Three hours earlier…

"Christ on a stick." Bogo growled, the curse loud in the silence of the mine. After hours, perhaps days, of wandering through this underground maze, he'd found the way out. The rusty, rickety elevator beckoned him like the stairway to the Gates of Heaven, dirty lights shining like pearls.

Bogo checked his arm. The little cut he'd woken up had finally stopped bleeding, though the collar around his wrist was now stained red. A good omen, it seemed, and sure enough the elevator managed to take him to the surface without the cables snapping.

The controls on this end of the shaft were busted, but Bogo wouldn't go back down there for a president's ransom. The underground river had kept him alive, but he'd had the ominous sense of not being alone. Several times he'd heard the sound of leathery wings, but no matter where he'd looked he'd seen no sign of the flier. He'd heard other sounds too, dripping and crumbling, but the silence had been the worst part. Like the instant before a nut with a knife leapt out from an alleyway and gutted you before you could blink, only it lasted for a minute straight, and then ten minutes, before the silence was broken by a distant splash that could have been a bear's foot stepping into deep puddle.
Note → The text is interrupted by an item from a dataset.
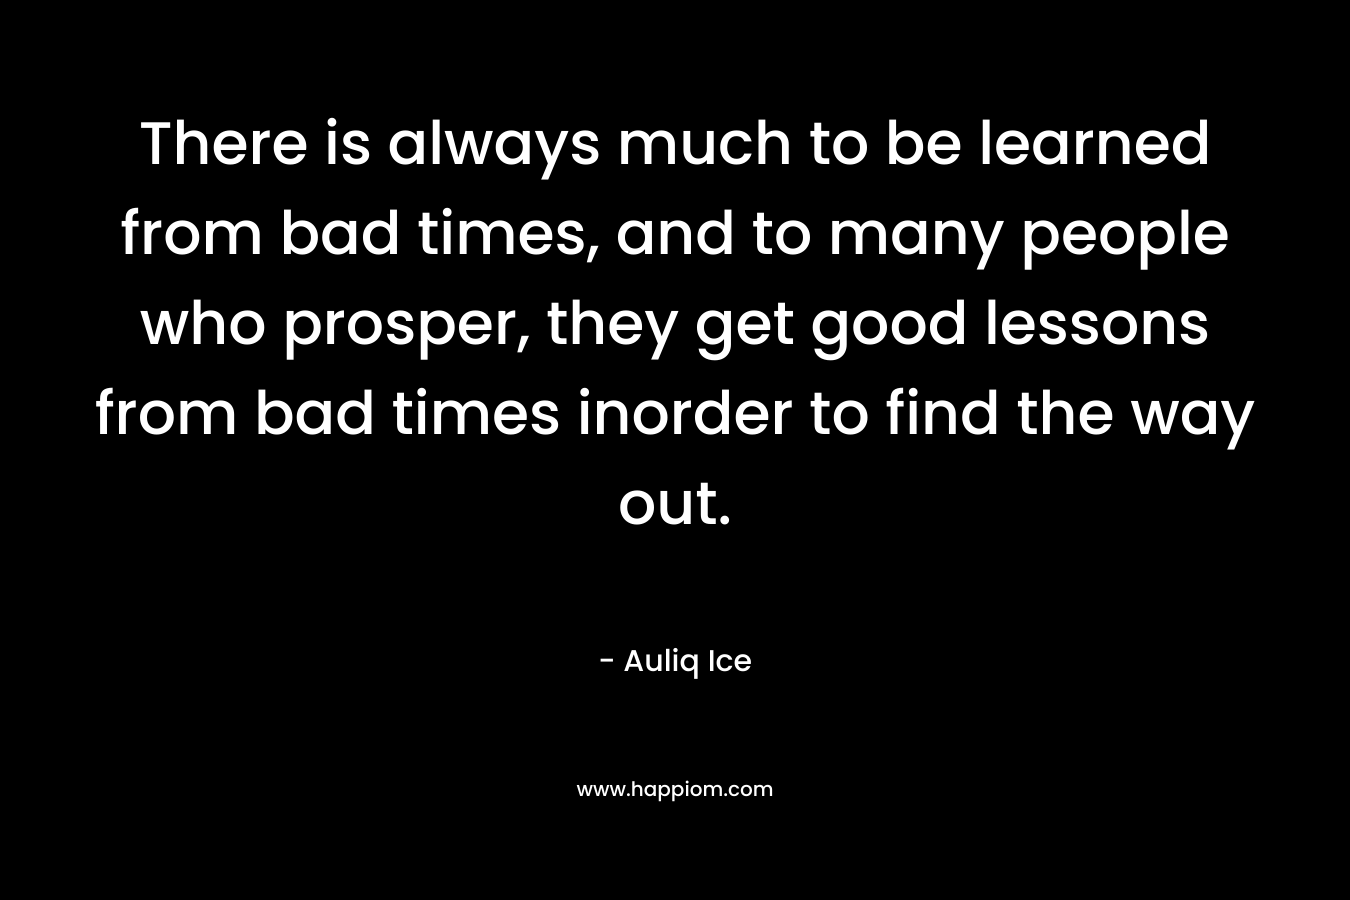 There is always much to be learned from bad times, and to many people who prosper, they get good lessons from bad times inorder to find the way out.

But now he was out of the mine, and he could get back on track. He checked the sky. It was either dusk or twilight. He could have been in the mine for six hours, or an entire day, maybe even longer judging from how much he was craving long grass fries. It was raining as well, but it was so light he couldn't see it, only feel it sprinkling on his body. Bogo quickly scanned the area before pulling out his radio. Swinetown was so remote that getting a signal was unlikely, but he had to try. "Precinct One, come in. This is Captain Mansa Bogo. Precinct One, are you getting this?"

"… Bogo? Good God, I've been trying to reach you for days!"

Bogo exhaled loudly. Finally, a signal! And a strong one at that. "Chief Trunchbull, is that you?"

"Yes, it's me! Thank God you're okay! Where's the rest of your team?"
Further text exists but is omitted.